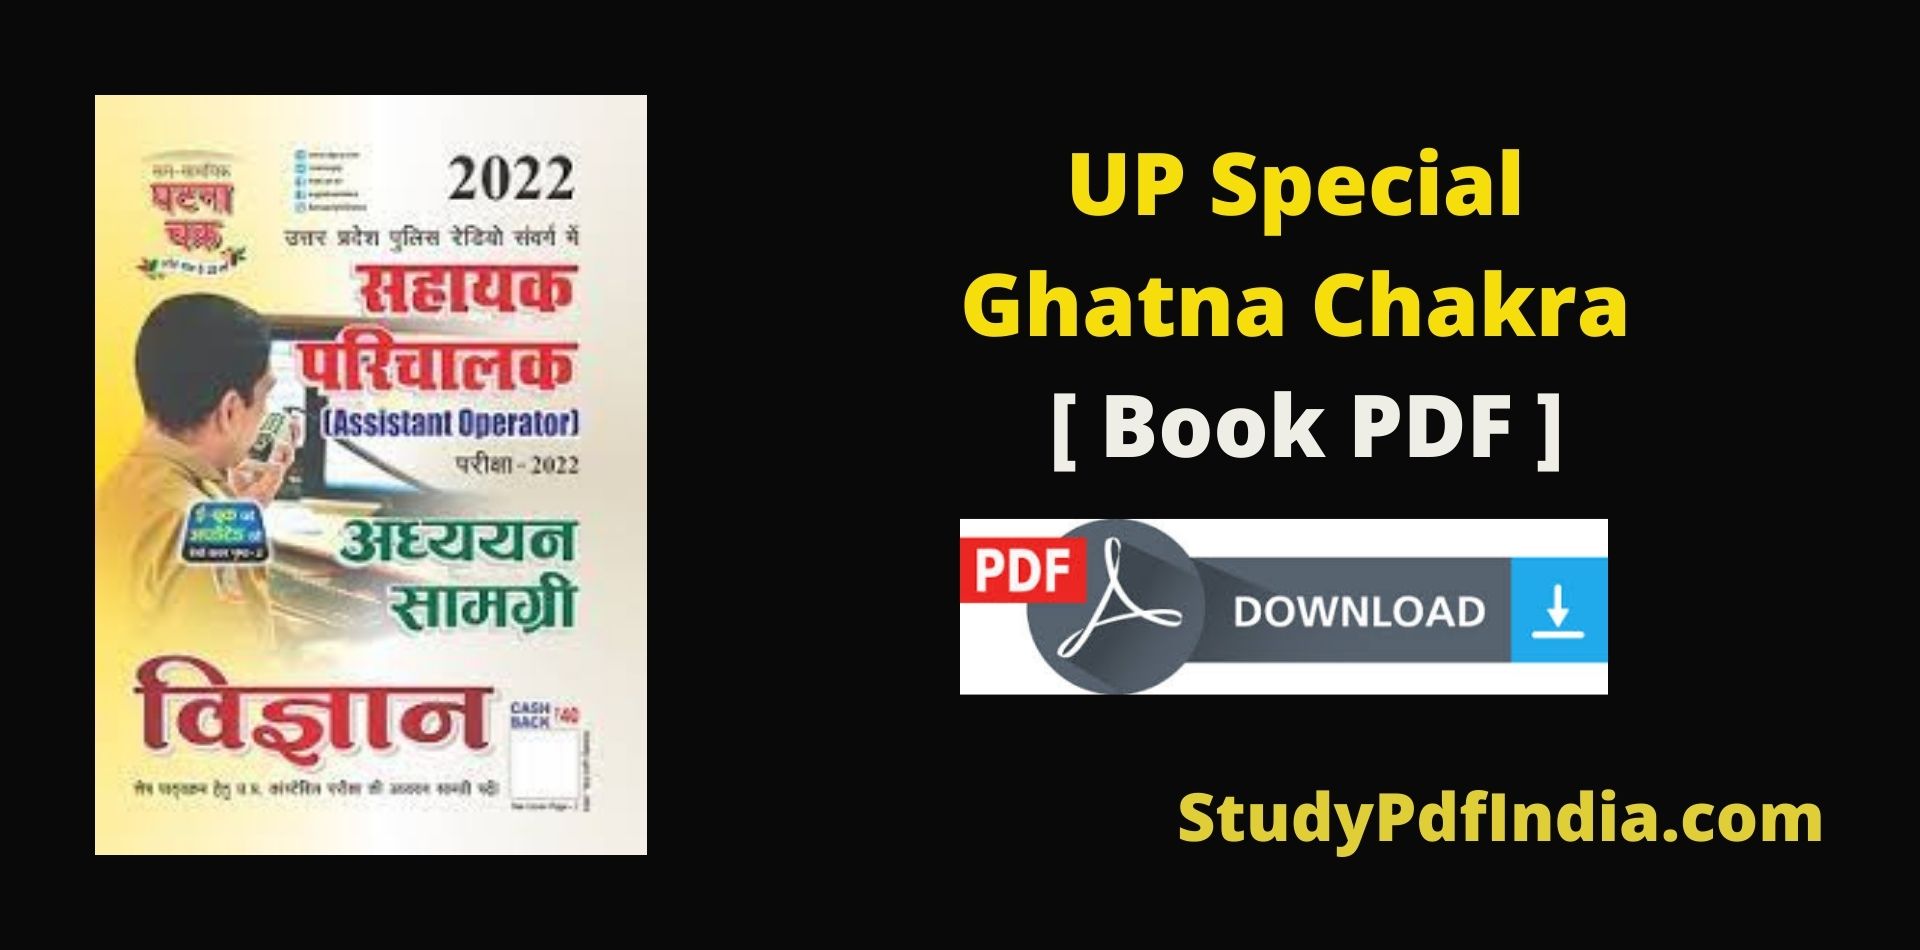 UP Special Ghatna Chakra Book PDF Download
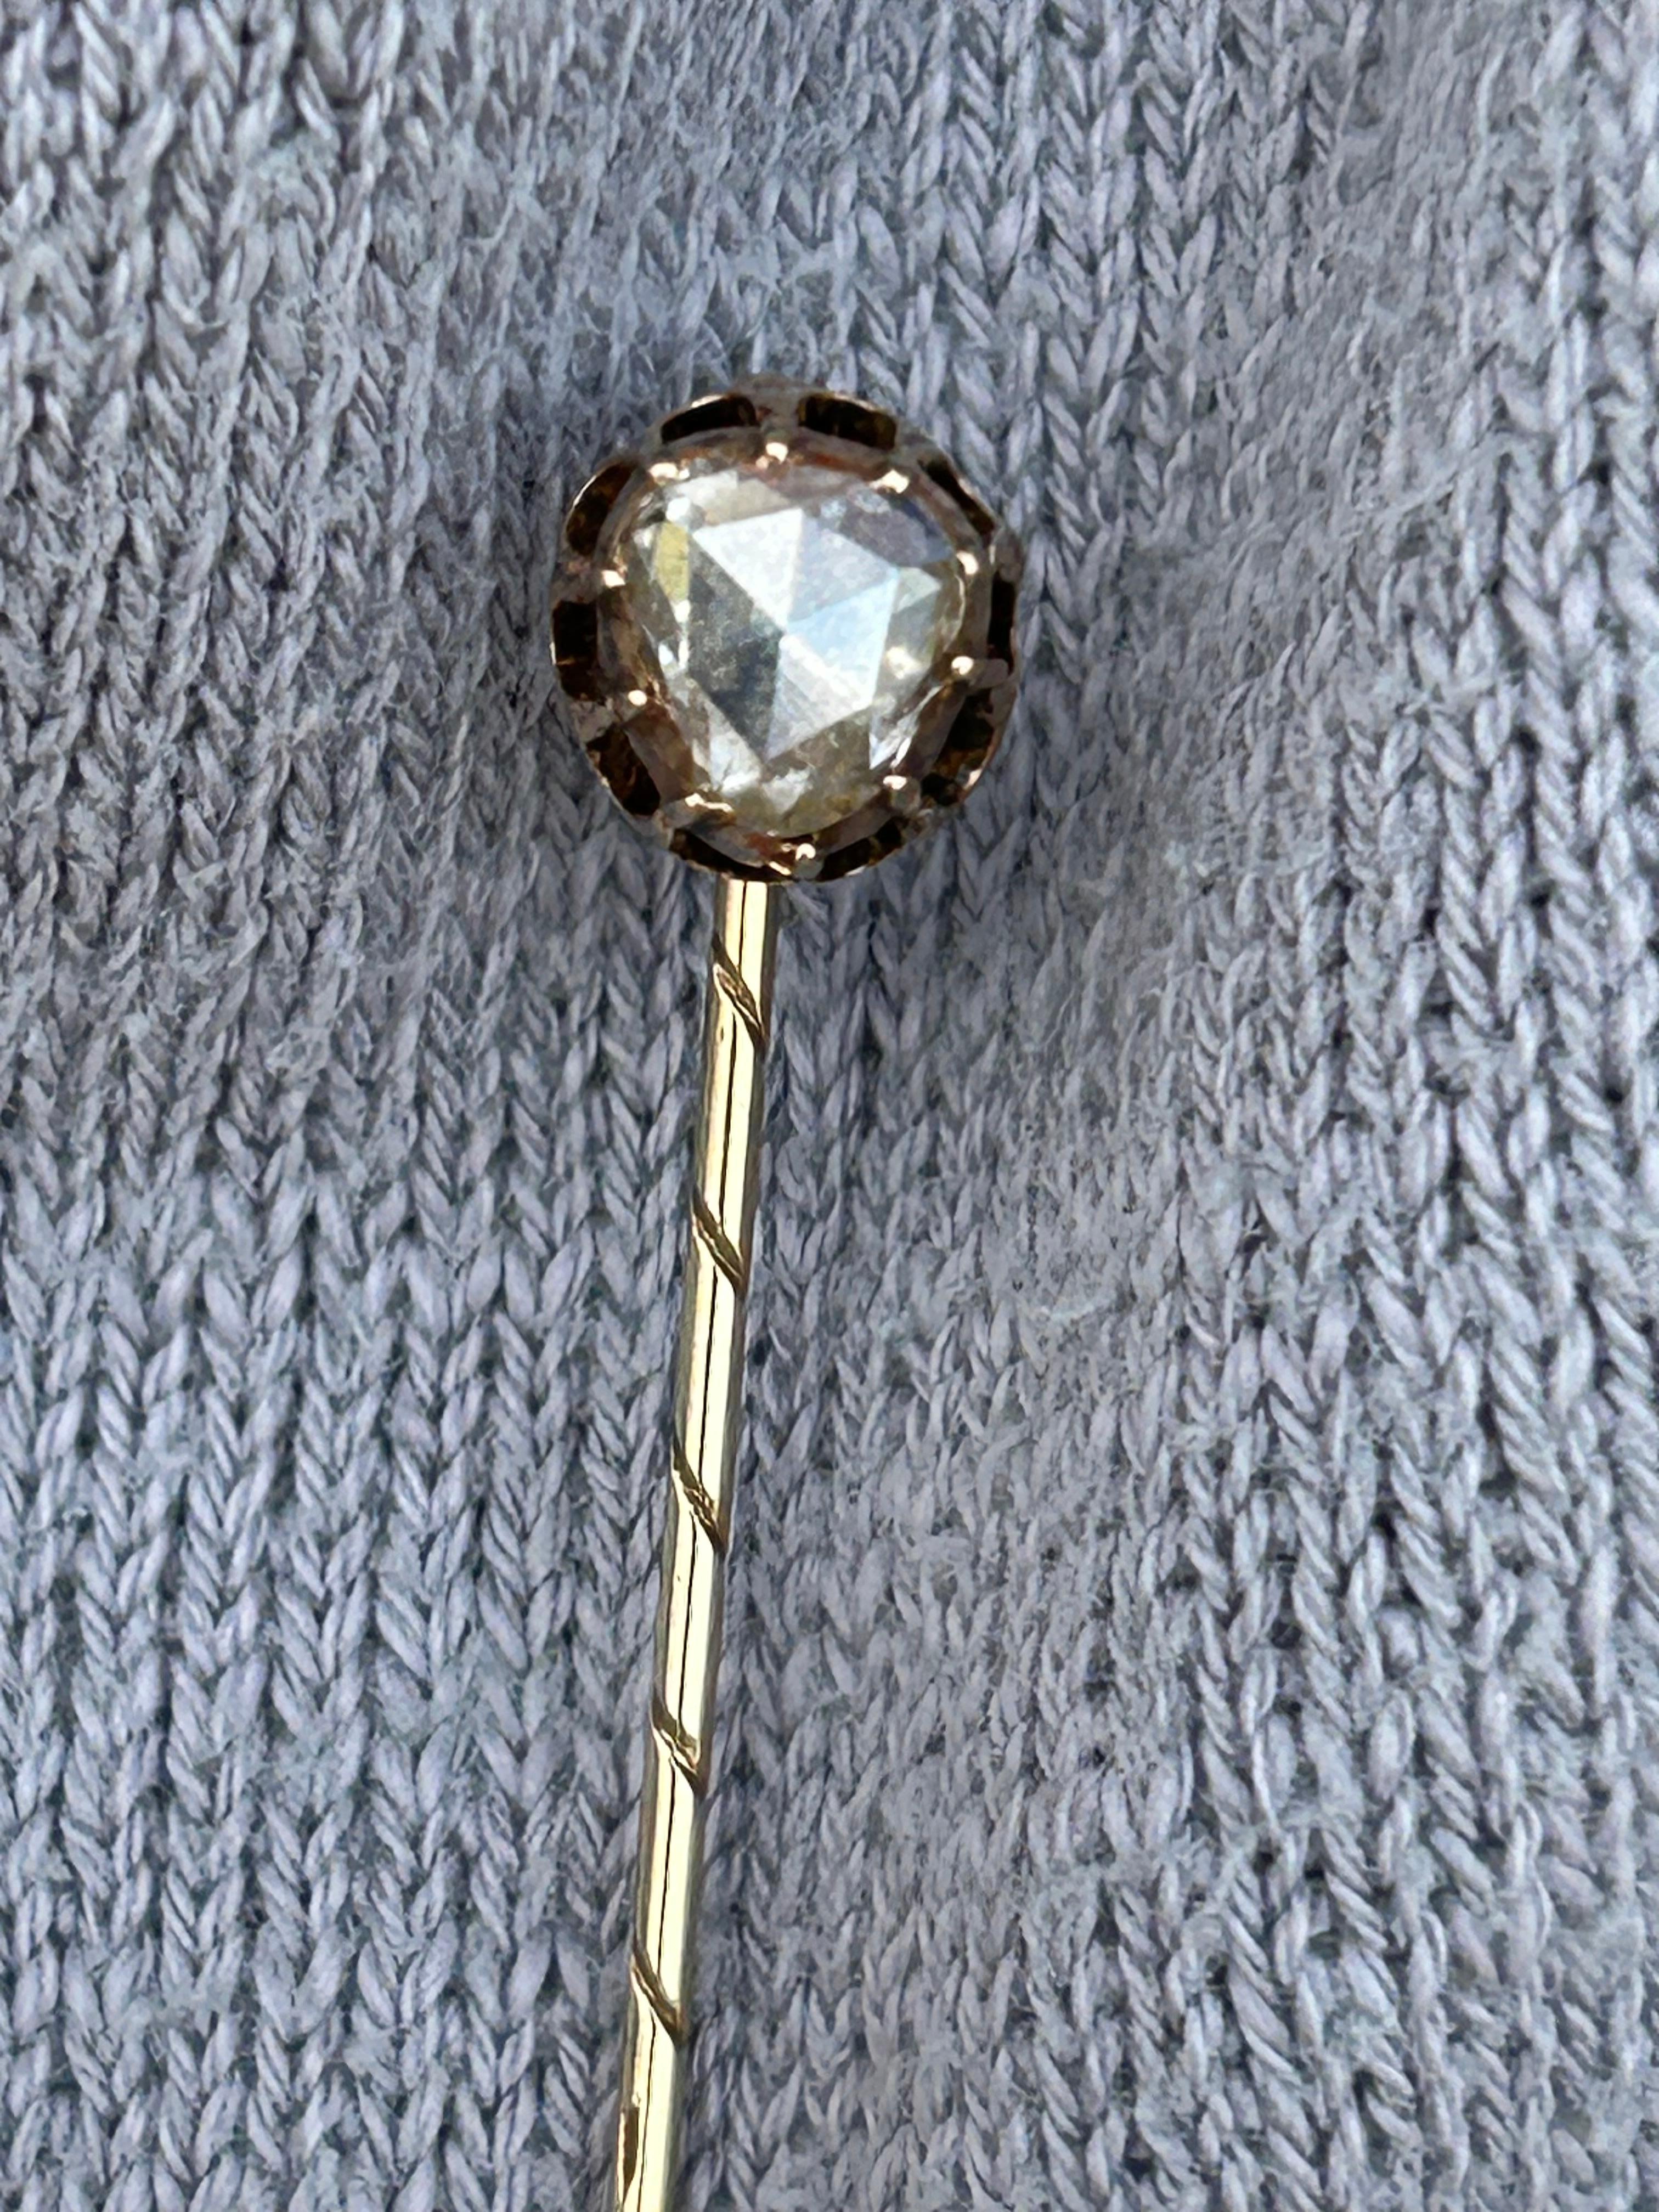 Victorian Pear Rose Cut diamond stick pin.
Diamond 5.9 mm x 5.2 mm
LxW: 6.5 centimeters x .08 cm.
1.72 grams
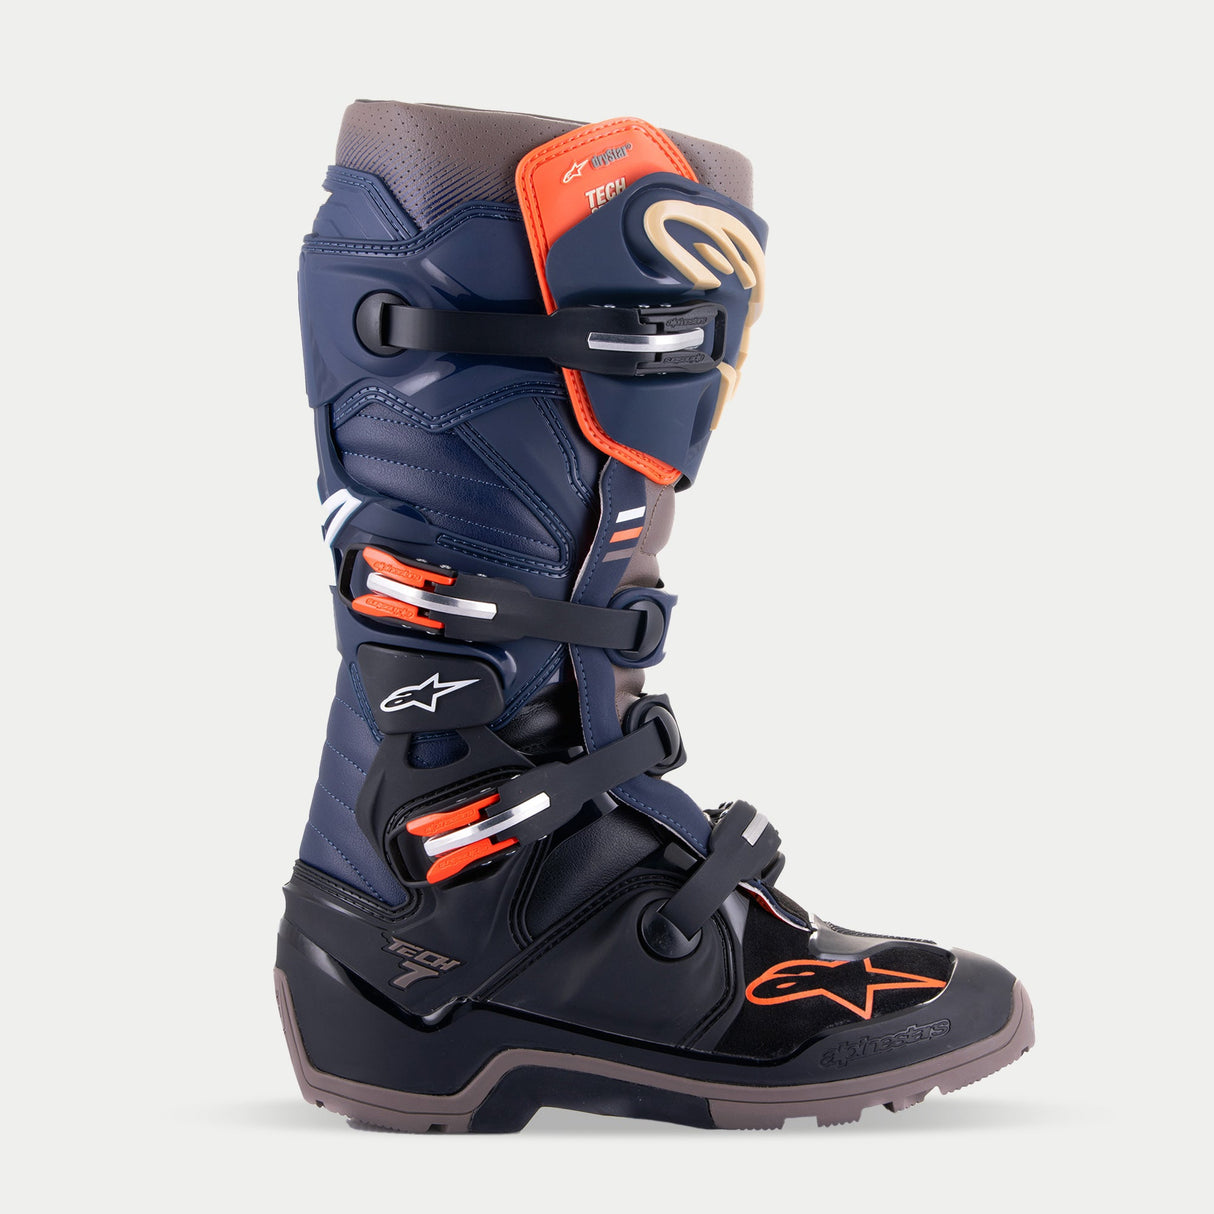 Alpinestars Tech 7 Drystar Enduro Boots - Black Night/Navy/Warm Gray

▬▬▬▬▬▬

Task objective ->
Skip the pictures and transcribe the rest of the records exactly.

Answer to this problem ->
 UP Special Ghatna Chakra Book PDF Download
 Victorian Pear Rose Cut diamond stick pin.
Diamond 5.9 mm x 5.2 mm
LxW: 6.5 centimeters x .08 cm.
1.72 grams
 Alpinestars Tech 7 Drystar Enduro Boots - Black Night/Navy/Warm Gray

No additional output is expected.